Unfortunately for me, my job forces me to be in NYC at least several months a year. I get by, but I prefer greenery, peace, and quiet.

I'm currently based out of Singapore. But the nature of my work requires me to be around the world. I'm not from China but next week I will be in Hong Kong for example. I'm from the United States actually.

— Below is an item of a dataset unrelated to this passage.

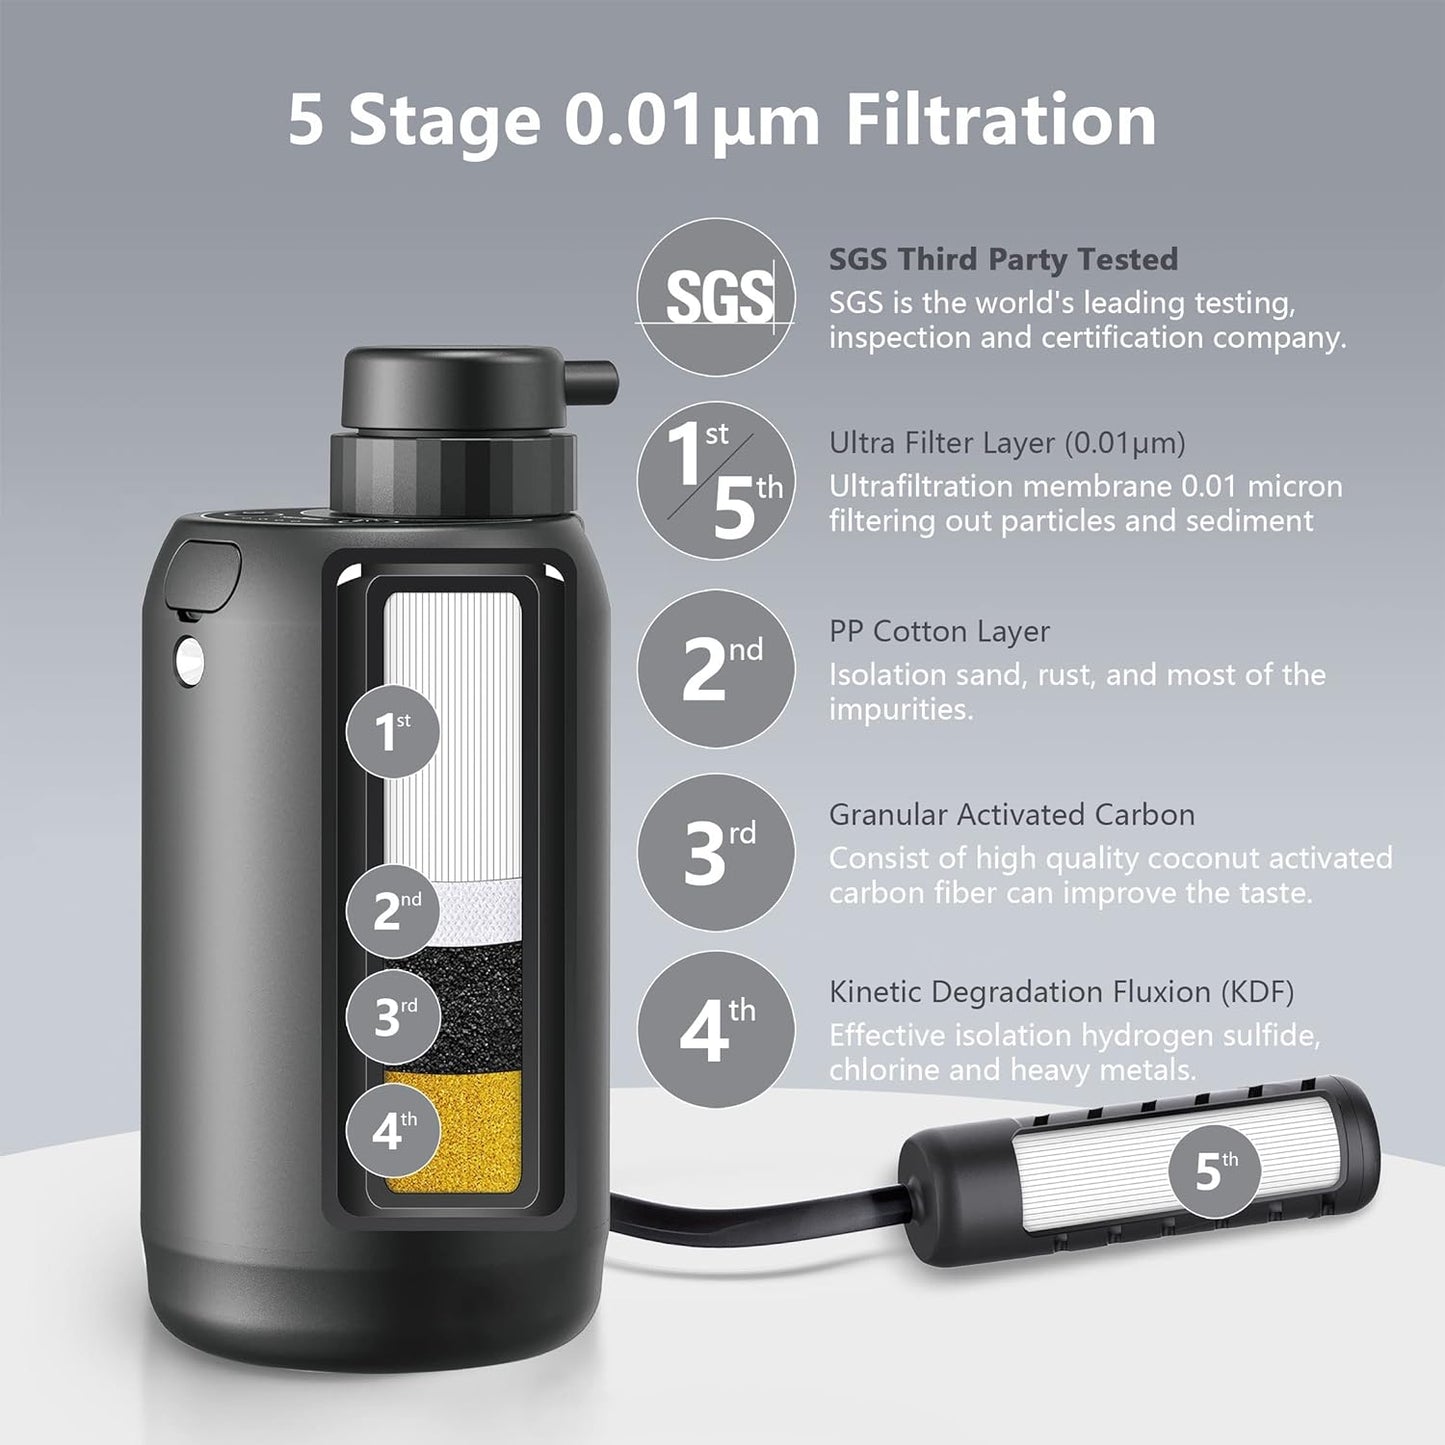 Electric Portable Water Filter - 0.01 Micron 5-Stage Water Purifier Survival with Emergency Lighting Water Purification System for Camping Backpacking Hiking Travel - BK-2000

Truthyfully when was the last time you were actually in Chicago? I can tell from your posts that you really haven't been much out of the city center and probably overrate your experience in terms of what you actually saw. I lived in Chicago for nearly a decade and now call Manhattan my home full time. Is NYC more cosmopolitan than Chicago? Of course, but Chicago also in some parts is pretty cosmopolitan nowadays (big progress especially in the last handful of years). A friend of mine from Paris first visited Chicago 6 or 7 years ago and didn't think much of it. 2 years ago he came for the second time and noted how much more cosmopolitan the city felt and how much better it felt. NYC has more of it, but NYC is also not cosmopolitan in most places - just some - people are swayed easily by what they see when they visit. It's the same reason why people think that Hong Kong is some big, shiny cosmopolitan city everywhere when it's actually not like that in most places. However, if you just experience one area then you're easily swayed into thinking a city is whatever you make it to be. I've lived in both cities, Chicago and NYC, and what you say is not accurate and your post wreaks of someone who thinks they know more than they actually do.

Also, you say you prefer greenery, peace, and quiet which Chicago has a lot more of in the actual city than NYC. Anybody who knows Chicago knows this, and you obviously don't know much of anything about Chicago.